Using EQ. 1 we calculated the approximate Young's modulus of adhesion (E) of the cells to the substrate by measuring the difference in cell diameter before (d0) and after (Δd = df-d0) hyperosmolar shock (data in Fig 3.b), where R is the gas constant and T is the temperature in Kelvins [1].
E=ΔΠ/(Δd/d_0 )=(RTC_mannitol)/(Δd/d_0 ) EQ. 1
We found that Young's modulus of adhesion to Matrigel was ~.5 MPa, while the strength of adhesion to collagen 1 was ~2 MPa, 4 times greater. These values are in the range of those found using atomic force microscopy (AFM) [1, 2]. These calculated differences correlated well with the SPR signal decrease which was about 5 times greater for Collagen 1 than Matrigel. Overall, these AFM observations are consistent with the measured SPR signal.
Conclusions
SPR is a versatile technique for quantifying the adhesive interaction of cells with model proteins. It enables the measurement of the relative strength of adhesive bonds, response to osmotic shock and related temporal data. Cell based SPR studies thus have enormous potential for medicine and biotechnology.

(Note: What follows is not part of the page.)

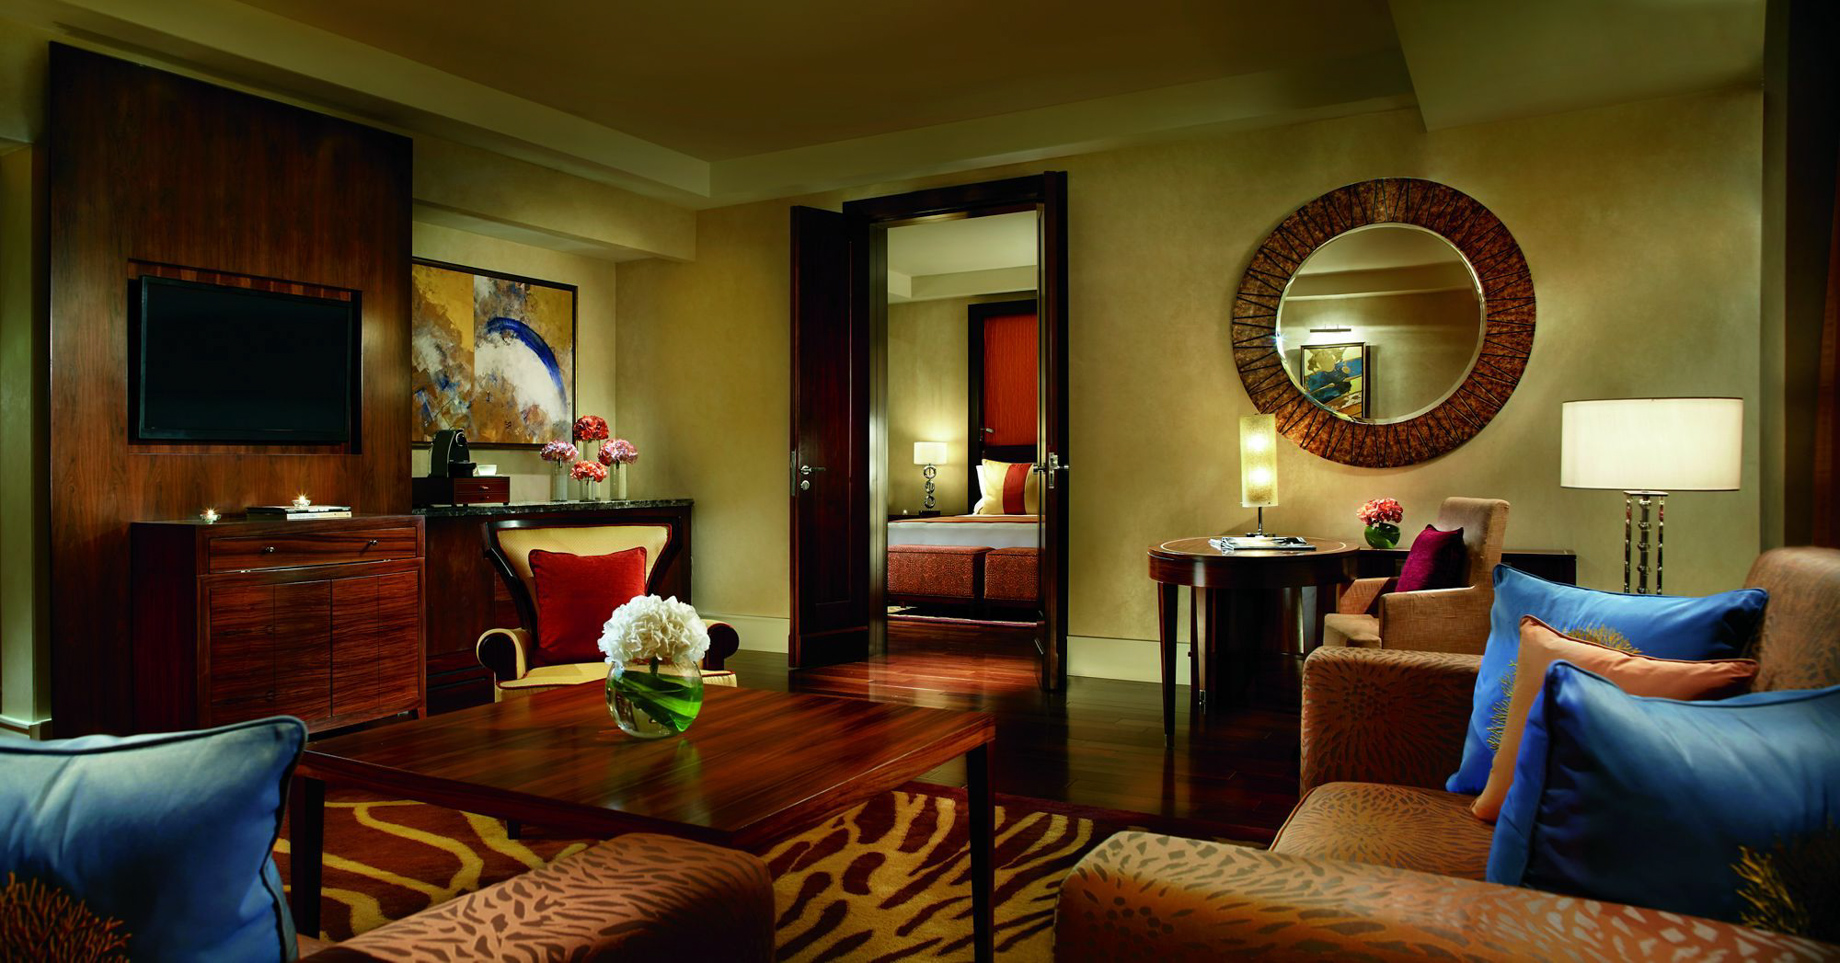 The Ritz-Carlton, Bangalore Hotel - Bangalore, Karnataka, India - Guest Suite Bedroom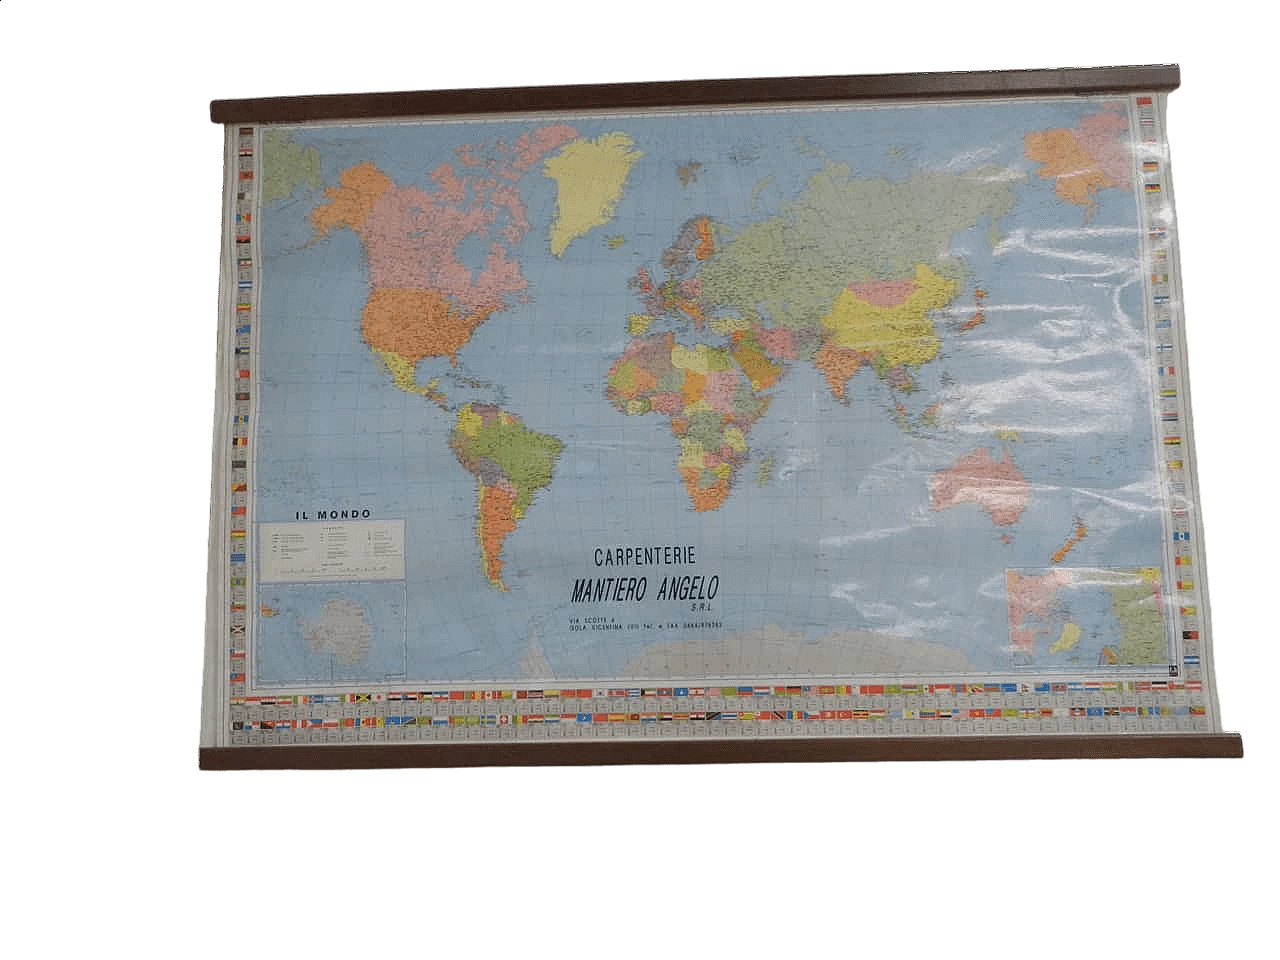 World map by Freytag & Berndt, 1980s 13

In comparison to other competing technologies like atomic force microscopy, SPR measurements are more straightforward and costeffective and the measurements reflect the behavior of the average cell in a cell population (rather than individual cells). Reichert SPR systems provide the means to obtain these quantitative measurements by enabling ready manipulation of cell capture flow rates, detachment kinetics under defined shear stress, and studies of osmotic pressure perturbation. The studies show that EC adhesive interactions are greater with stromal collagen 1 proteins compared to Matrigel. These data are useful for the design of bioengineering strategies to study angiogenesis.
Future work
Integration of SPR with microscopy for simultaneous morphometric measurement of cell membrane-surface interaction will be helpful. Use of the Reichert quartz window flow cell for this research can further enable a wide variety of cell based studies.
References
- W. Wang, S. Wang, Q. Liu, J. Wu, N. Tao, Mapping single-cell-substrate interactions by surface plasmon resonance microscopy, Langmuir : the ACS journal of surfaces and colloids, 28 (2012) 13373-13379.
- V. Lulevich, C.C. Zimmer, H.S. Hong, L.W. Jin, G.Y. Liu, Single-cell mechanics provides a sensitive and quantitative means for probing amyloid-beta peptide and neuronal cell interactions, Proceedings of the National Academy of Sciences of the United States of America, 107 (2010) 13872-13877.